The real currency of affection in T.J.’s open relationship turned out to be not sex but time. Her boyfriend would never commit to an evening out with T.J. and her friends ahead of time because he might have some work to do: his standard RSVP was
“Can we play it by ear?” She hadn’t minded watching him fuck his ex, but when she found out he was cooking dinner for one of his other girlfriends—something he never seemed to have time to do for her—she was furious. “And then she stood him up and I ate it,” she told me, smoldering with pyrrhic triumph. “That must have been a bitter dinner,” I ventured. By way of reply she stared unblinkingly at me and pantomimed chewing forkful after forkful of food, slow and purposeful as a cobra.
She made every effort to instruct her boyfriend in how to keep her, issuing an explicit list of things he could do to let her know that she was loved. One item on the list was: Make pancakes for me. He had never once done this. And he still didn’t do it, even after receiving the list. I’m sure he intended to make pancakes some Sunday morning soon, but it was never the right Sunday, there was always something else he had to do, and somehow he never got around to it.

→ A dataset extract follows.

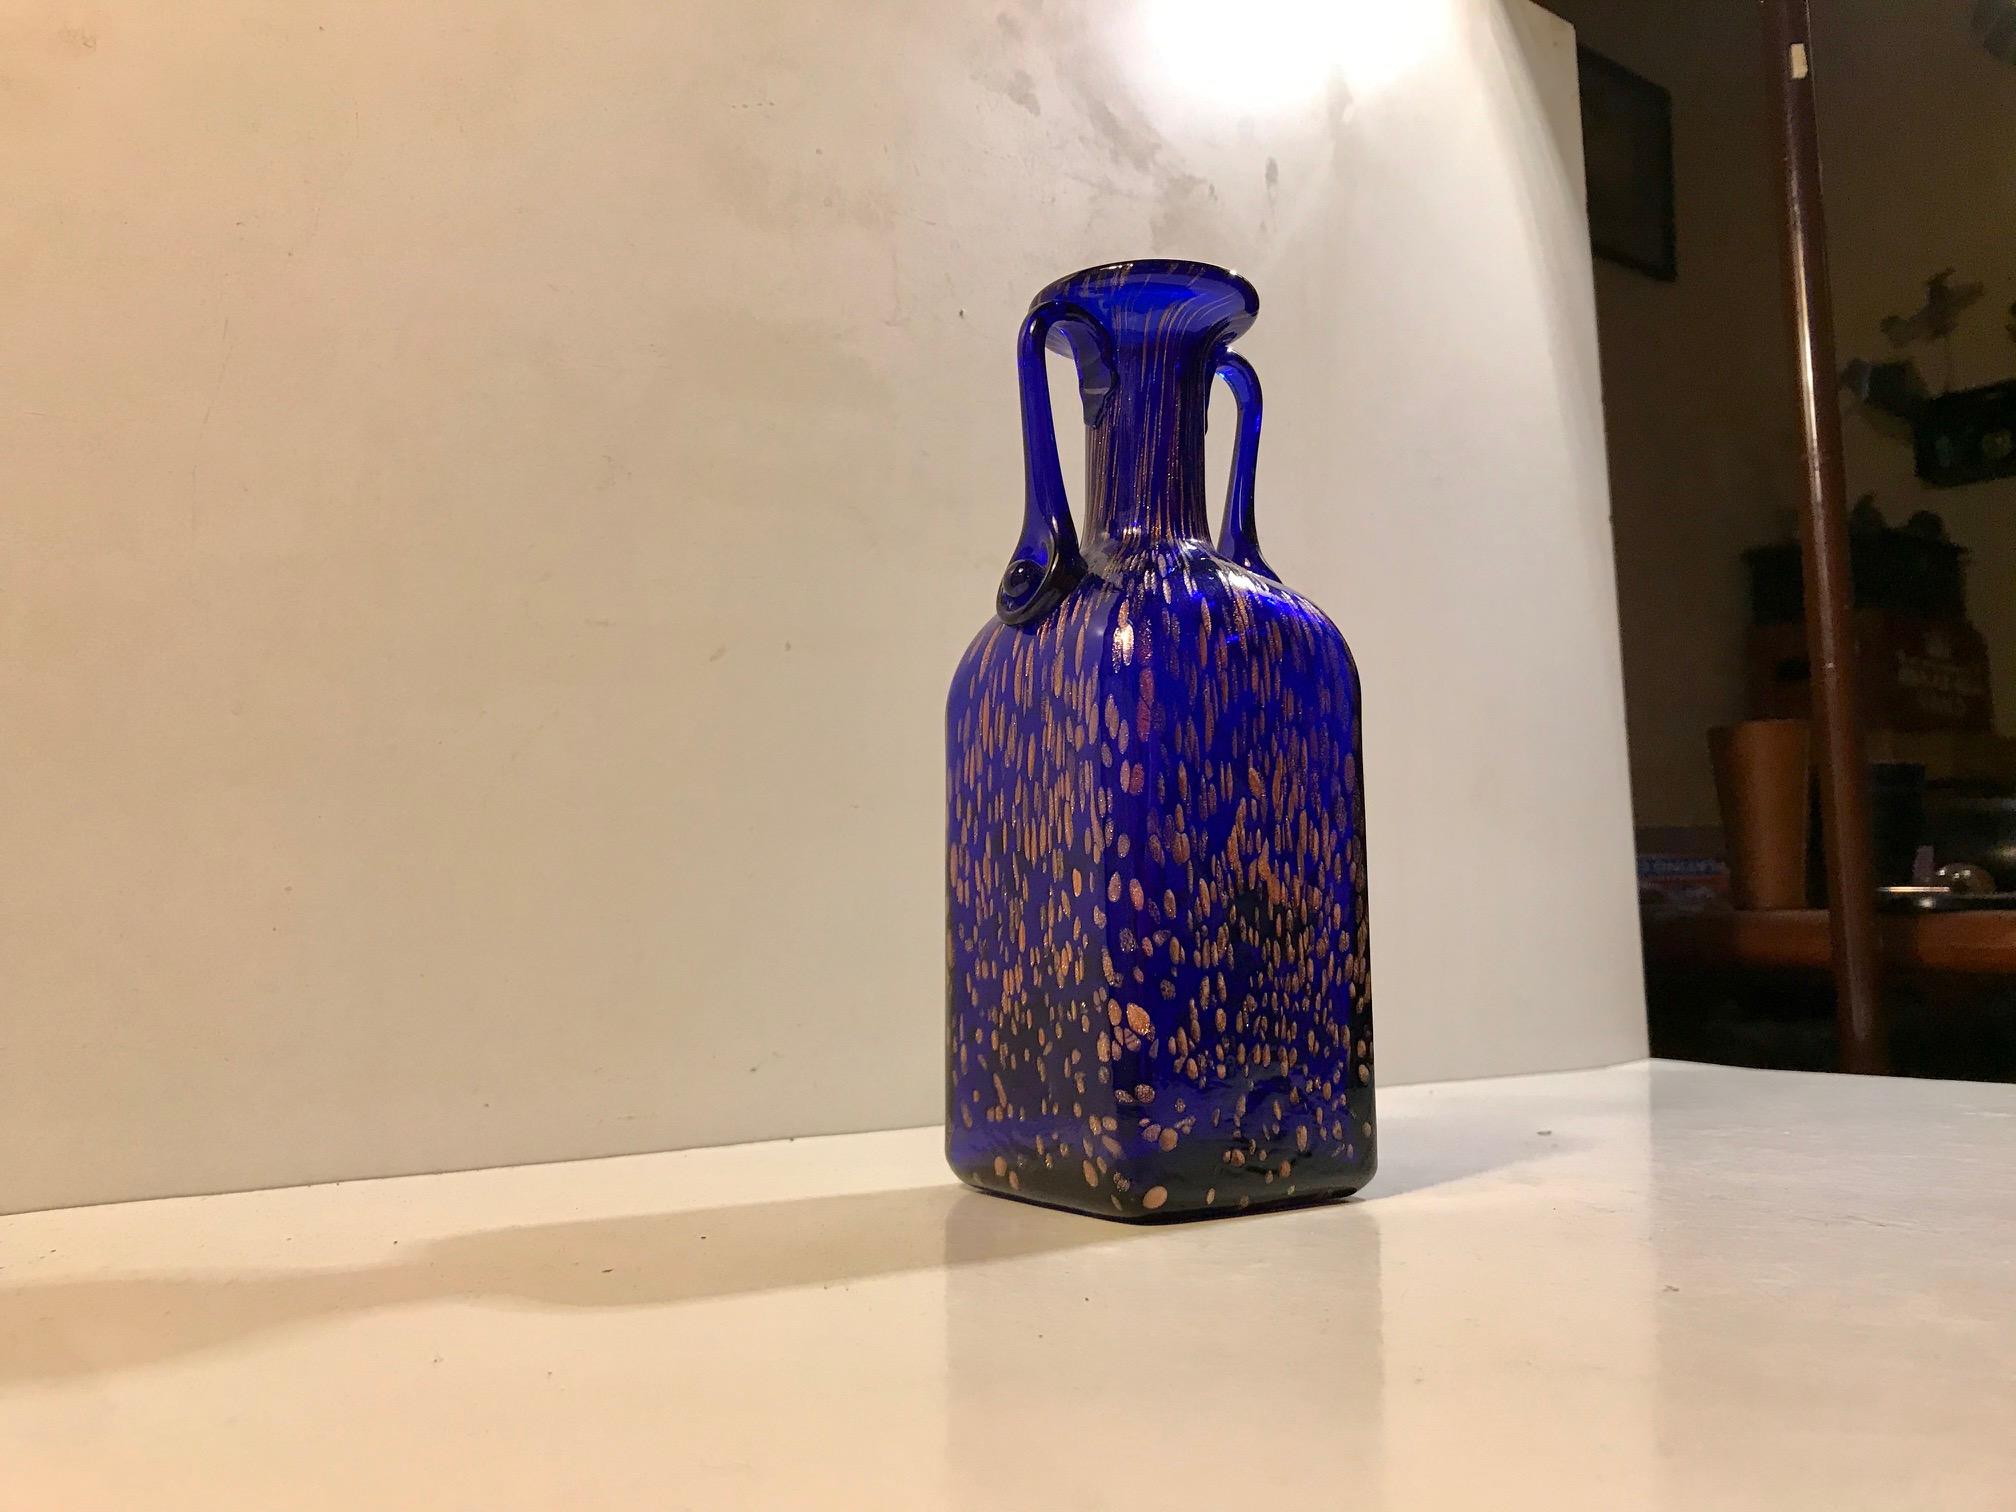 Mouth-blown blue crystal vase with stylized handles and rose gold speckles. Designed by Joska in Bavaria, Germany. Label Joska. Silberberg Kristall, Mundgeblassen, Waldglashütte.
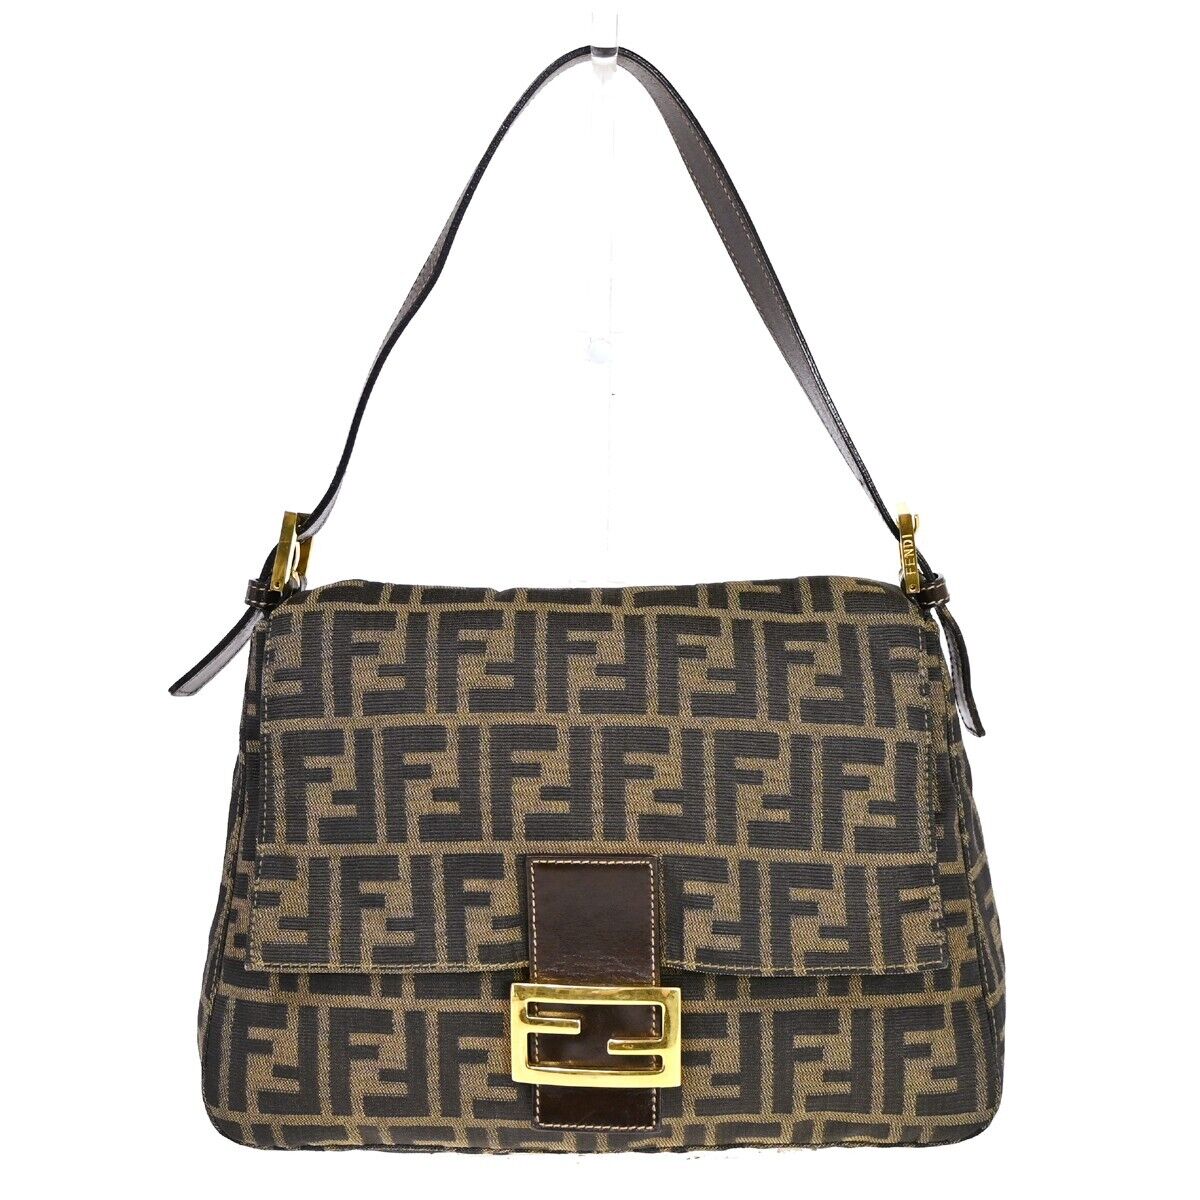 Luxury Designer Bag Investment Series: Fendi Peek-a-boo Bag Review -  History, Prices 2020 • Save. Spend. Splurge.

When she finally informed him that she’d made arrangements to move out, then, oh yes, then came the frantic belated making of pancakes, many, many of them, but alas, T.J. had made up her mind. The pancakes came too late.
Let traditionalists take pause before seizing vindication from this story. The failure of T.J.’s open relationship doesn’t prove that polyamory doesn’t work any more than the failure of Kevin’s marriage means that monogamy doesn’t. Maybe the moral is, nothing works. How could any single system hope to regulate the mating behavior of an animal afflicted with consciousness? Psychoanalyst Irwin Hirsch suggests, in a tone that sounds a lot like resignation, that the ideal of a long-term monogamous relationship that successfully integrates love and sex might ultimately be doing more harm than good, presuming that monogamy is a priori a virtue and requiring everyone to conform to a narrow, if not imaginary, norm.VI It’s not as if psychoanalysts’ own relationships are all models of happy functionality, he admits.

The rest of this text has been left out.